Robert Rabone, VDC's finance director, said they had uncovered several deficiencies in the pricing systems for the 27,000 stock lines carried by Procare. He described it as "a systems-based problem rather than a fraud or anything like that". The faulty systems had resulted in margins being overstated, reducing profits by some pounds 240,000 compared with what they had previously thought.
Mr Rabone said Procare had also been running with volumes "at least 20 per cent" below the budgeted level in a competitive market. Since acquisition, it had been recovering from the significant fall-off in turnover it suffered at the hands of Enviromed. From the nadir reached in September 1995, the business had recovered to levels in December and January above those of the comparable periods.
"But under the ownership of Enviromed, the management had put such strictures on the business that it had suffered badly, hence we bought it at a good price. Unfortunately, we are not going to meet the market's expectations of growth in that business now."
Market forecasts for group profits in the current year to May were cut by pounds 1m to around pounds 1.7m yesterday, only slightly ahead of the previous year's figure of pounds 1.65m. Mr Rabone said Procare had made profits of pounds 35,000 in the first half and had been expected to make "several hundred thousand" more in the second. They were now expecting it to turn in a small loss.

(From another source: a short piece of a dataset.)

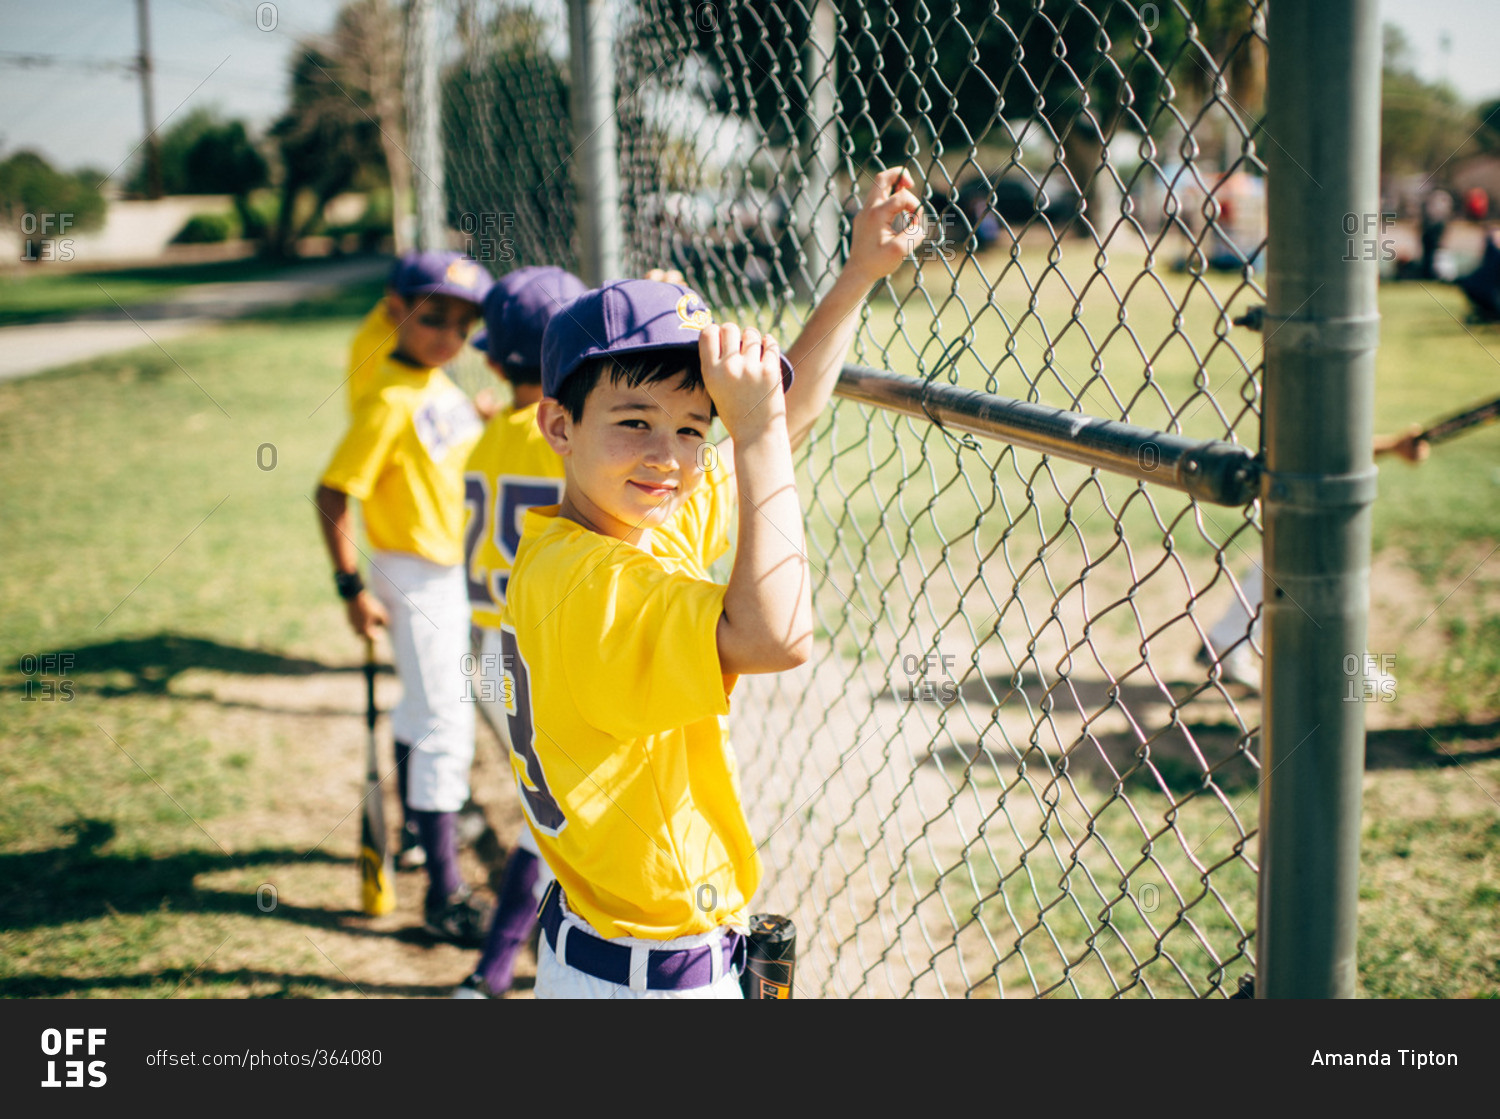 Boys on a baseball team standing by a fence

Procare's market share of the dental supplies market, put at around 10 per cent when it was acquired, was now somewhere between 6 and 8 per cent, Mr Rabone said. As well as some loss of share to the operation's two or three bigger rivals, he said the accuracy of market information had been improved.
He said they would not be taking any legal or other action against the vendors of Procare, however Ernst & Young, the group's auditors, have been asked to extend their review of the interim financial statements. Management reporting systems have also been tightened up. VDC's interim results are expected to be released on 21 February.